As far as I know, there are no table tennis think tanks. There are no brain trusts that we can put our faith in to solve our table tennis issues. I get to share my thoughts on a daily basis through coaching. Once a week I gather up the best insights and blog about them.
Lately, there seem to have been a lot of seemingly unrelated items that I jotted down in an effort to put together an interesting post. Some of these items were tossed out, and some might be worth writing about in the future. Two of them did seem to go together, and I’m sure that pondering their meaning will result in future trophies and prize money. The two words are relax and subtlety.
First, on the subject of playing relaxed – FOR GOD’S SAKE RELAX! I find the best method for getting players to relax is to yell at them. Simply reading the all caps sentence repeatedly is bound to boost your rating fifty points. Okay, we all know we are supposed to play better when we are relaxed, but some players tend not to relax in everyday life, much less in competition. There’s no need to change your personality, or resort to drug use. Relaxing in table tennis starts with loosening up your grip on your racket. Next, you do need to relax your wrist, arms, and shoulders. The muscles that will add power to your loops are mostly in your lower body. Attempting to make strong shots without relaxing results in worsening results with each stroke.

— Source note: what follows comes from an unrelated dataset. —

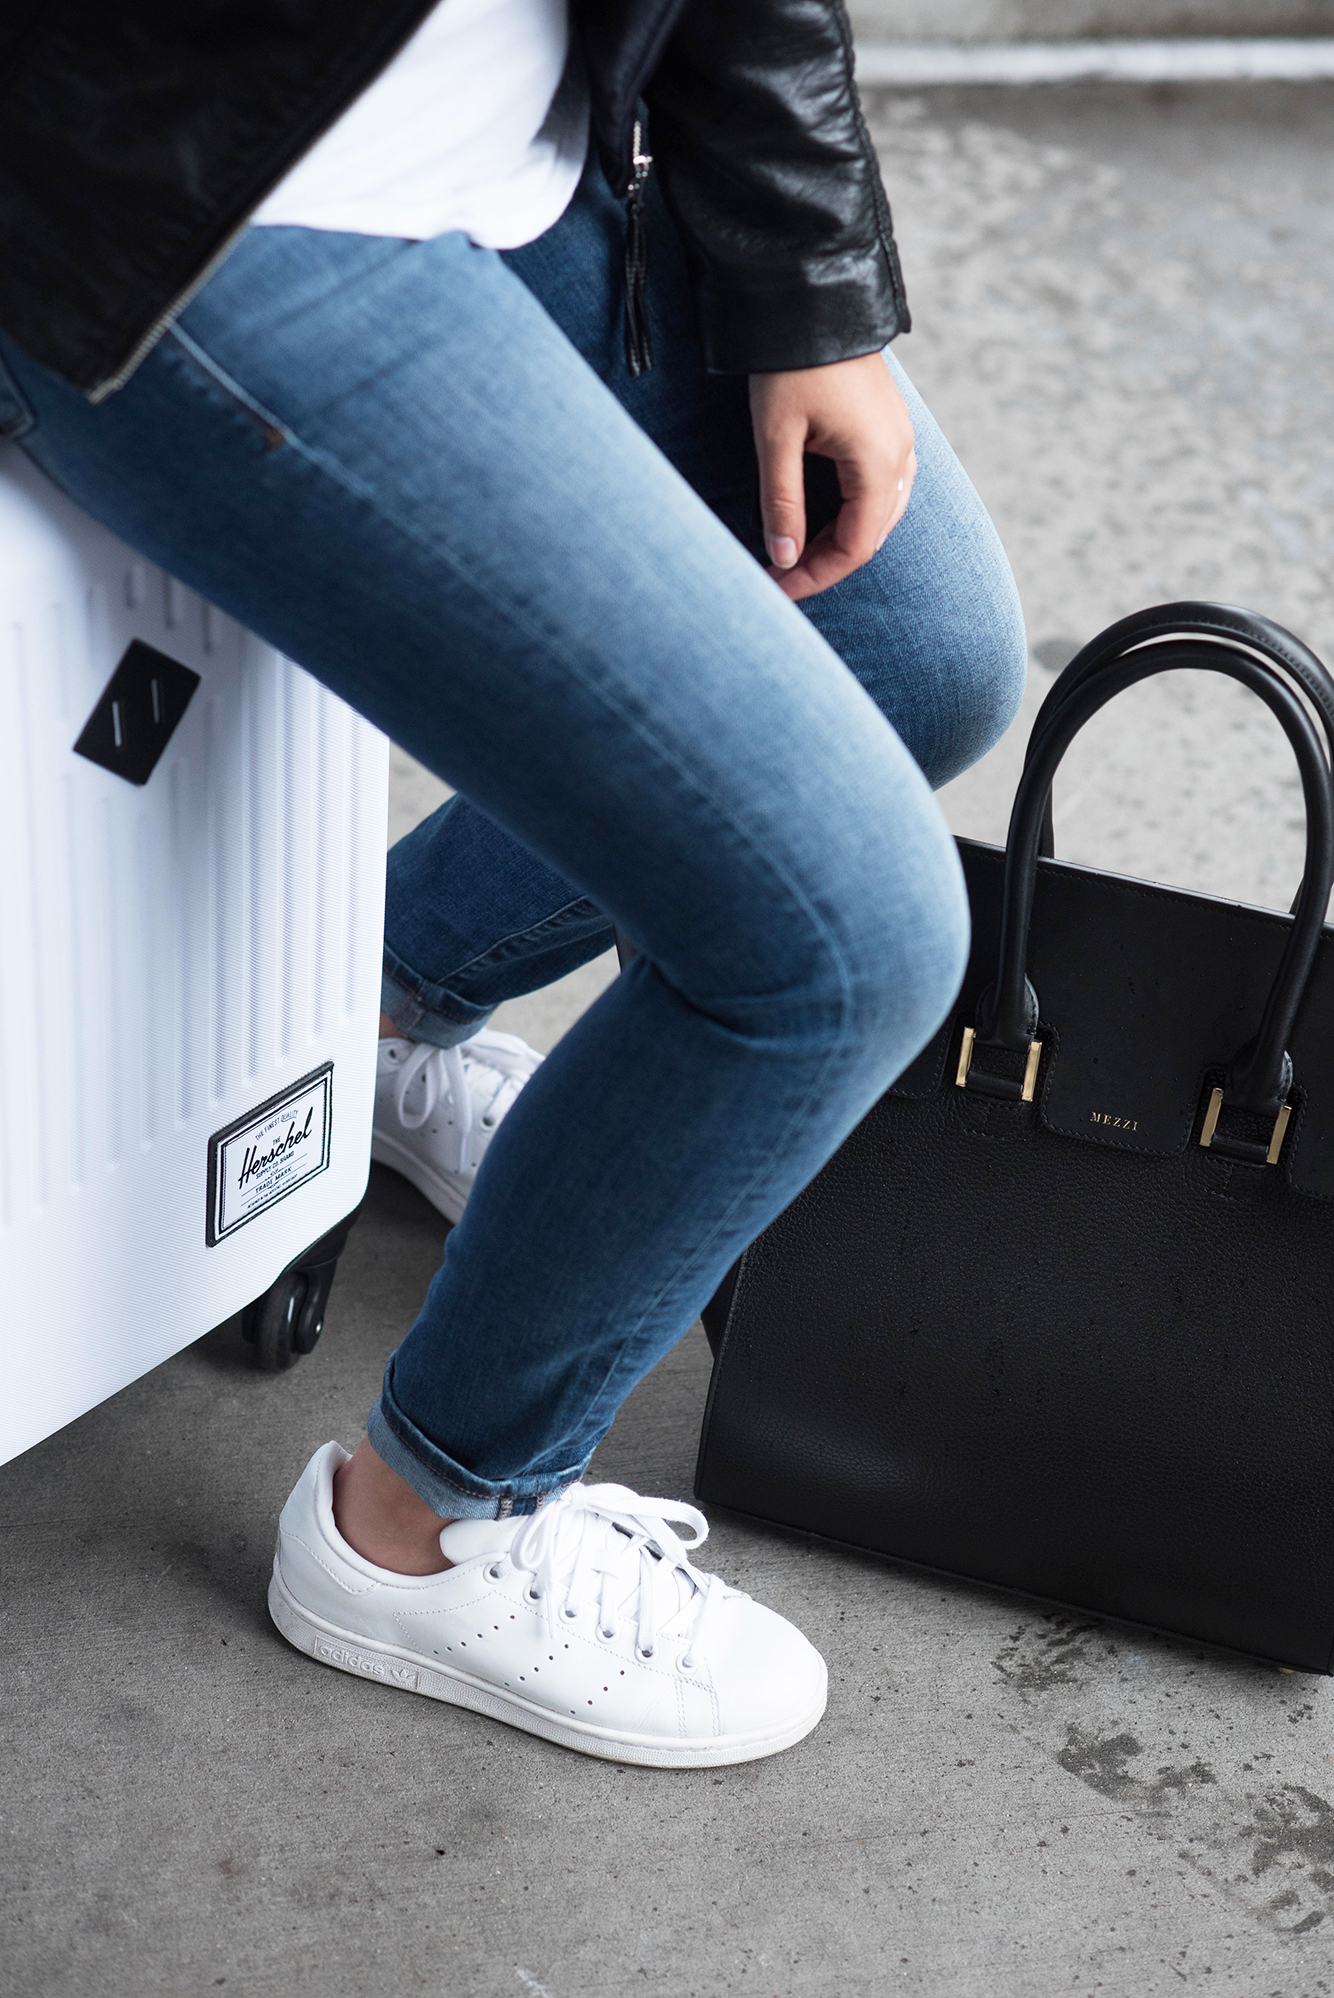 coco-and-vera-top-vancouver-style-blog-top-canadian-style-blog-top-blogger-details-adidas-stan-smith-herschel-suitcase-mavi-jeans-mezzi-cosima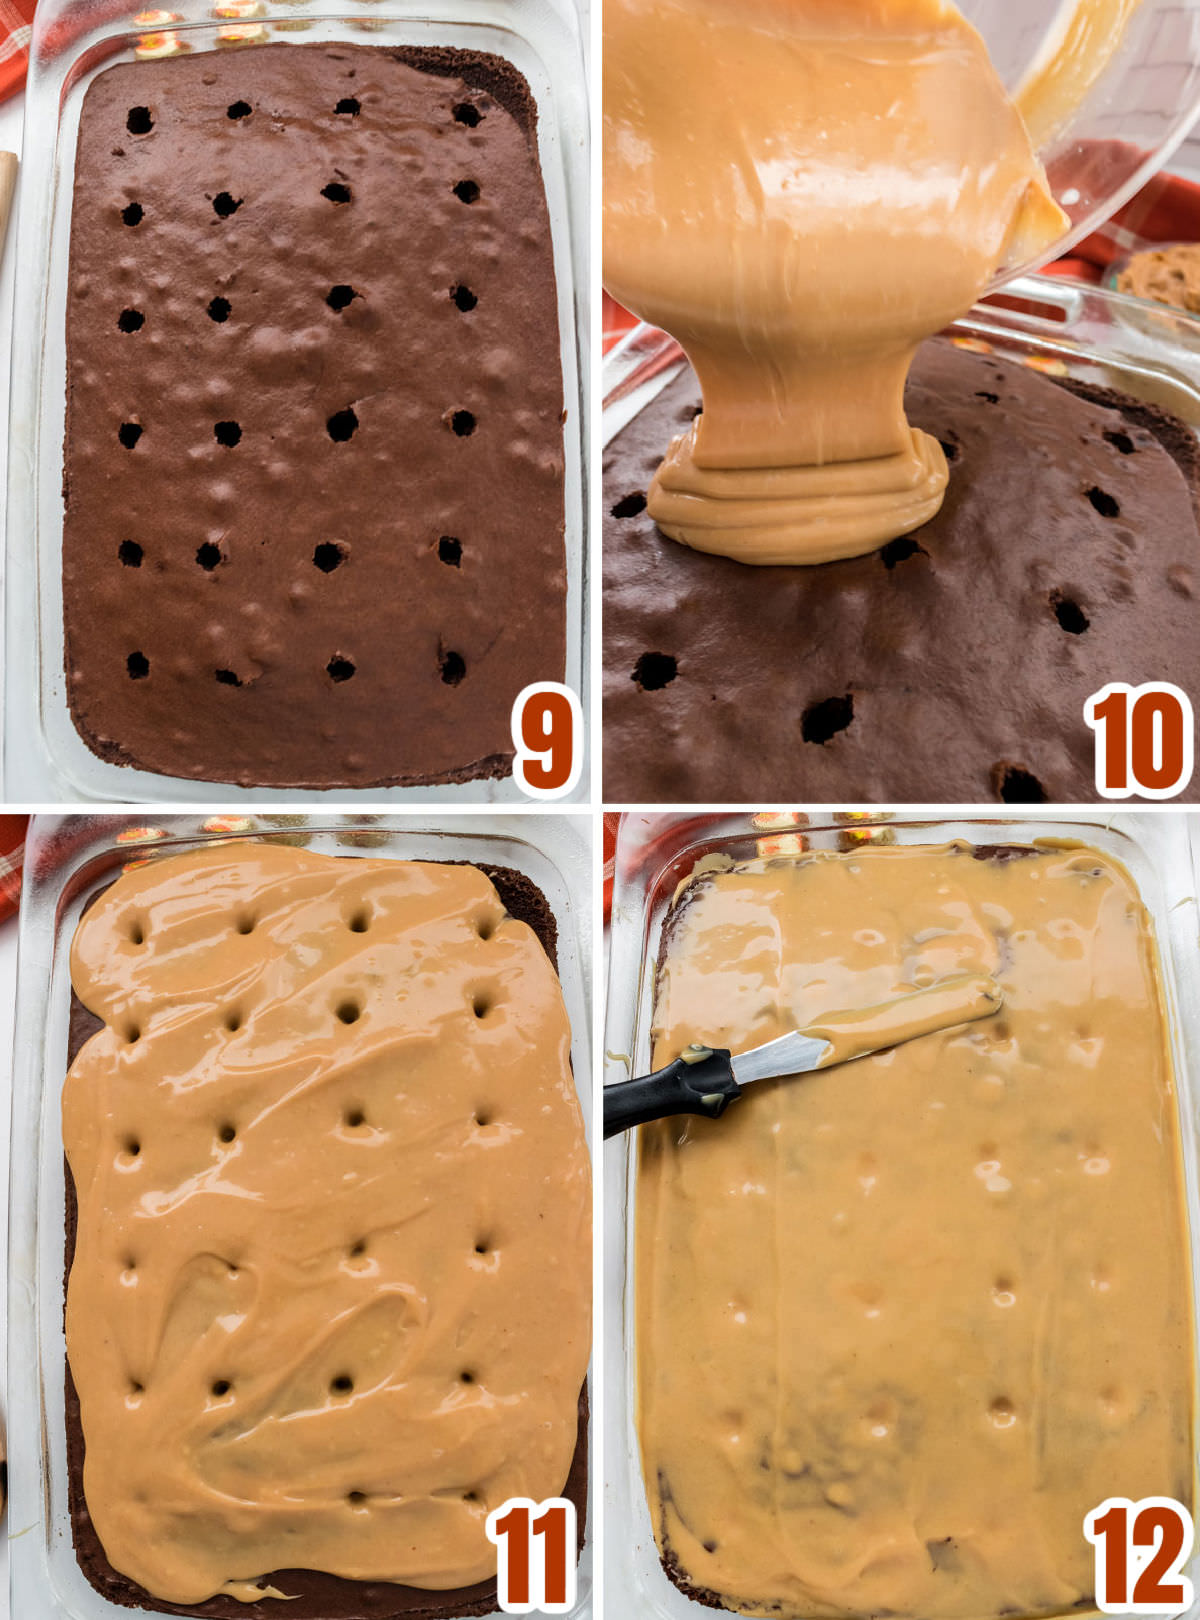 Collage image showing the steps for adding the Peanut Butter Filling to the chocolate poke cake.

If you can start to relax, you may find that your shots take on a unique quality of subtlety.
Subtle – a change or distinction so delicate as to be difficult to analyze or describe.
Have you ever played an opponent who seemed to be able to effortlessly add energy to the ball. A table tennis ball weighs less than three grams. It shouldn’t be surprising that shots that are finely brushed are often far more effective than those that are hammered. The subtle shot is precise. Not only is it precise in it’s placement, but precise in the level of speed and spin. The subtly spun ball is not easy to counter or block. The differing amounts of spin and speed require far more concentration to return than a ball that is simply hit hard.

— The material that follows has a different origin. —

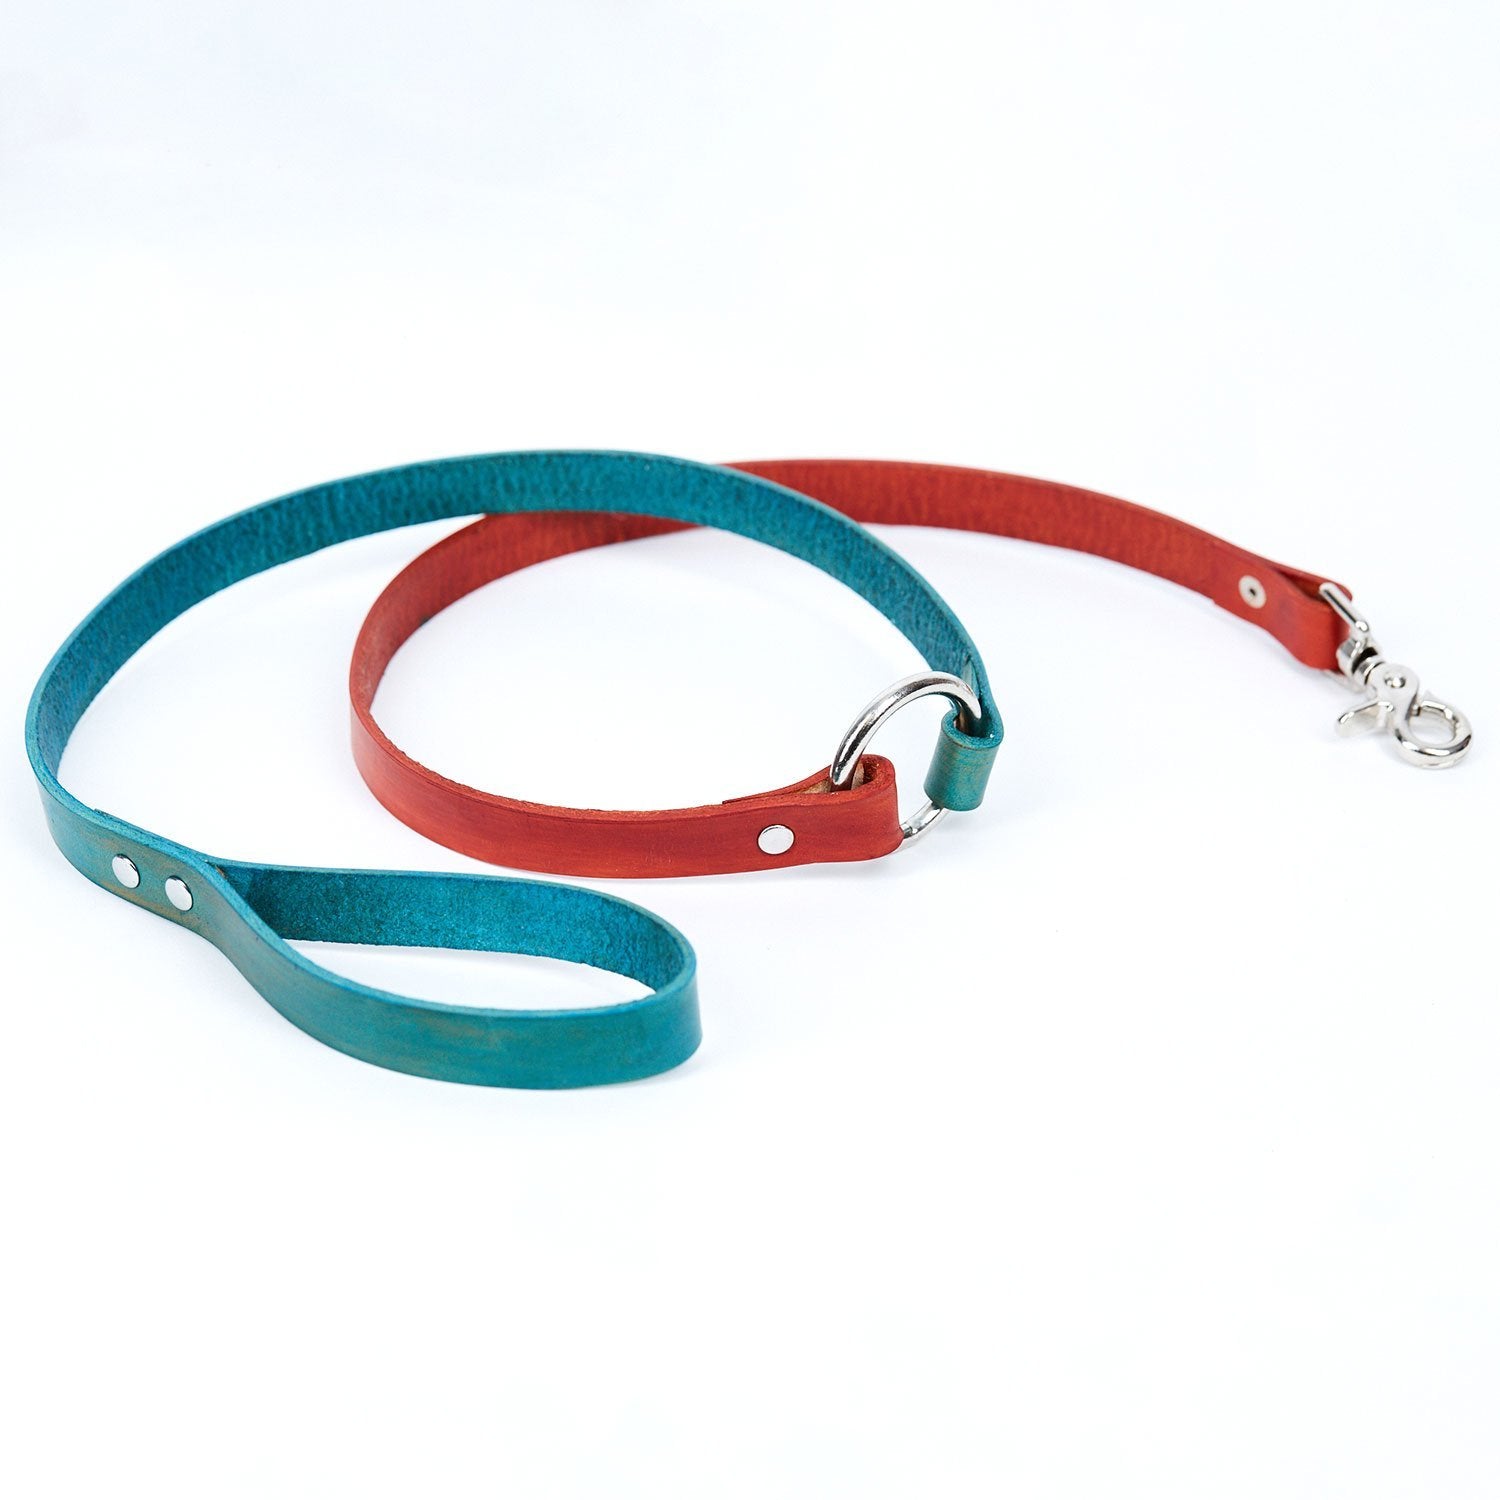 Large Leather Dog Leash - Available in More Colors

It is impossible to execute subtle shots without a relaxed body. Once you start to see how effective subtlety can be, relaxing might start to seem more natural. These thoughts on relaxation have come from watching players struggle to loop shots, only to succeed when they finally learn to smoothly complete the stroke. Subtlety is a often overlooked skill. All of the best players play with finesse and subtlety. It’s definitely something to think about.

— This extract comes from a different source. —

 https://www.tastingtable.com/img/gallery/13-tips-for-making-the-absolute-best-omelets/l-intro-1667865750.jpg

2 Replies to “Semi Brilliant Thoughts From a Table Tennis Think Tank”
I always look forward to your blog posts. I often try to change my intensity by whistling different songs some to relax more and sometimes to increase my intensity and focus.
So, my question is, is whistling during match/tournament play, not while the ball is in play, legal?
It’s probably legal But, try to switch tunes occasionally, for the sake of the neighboring tables.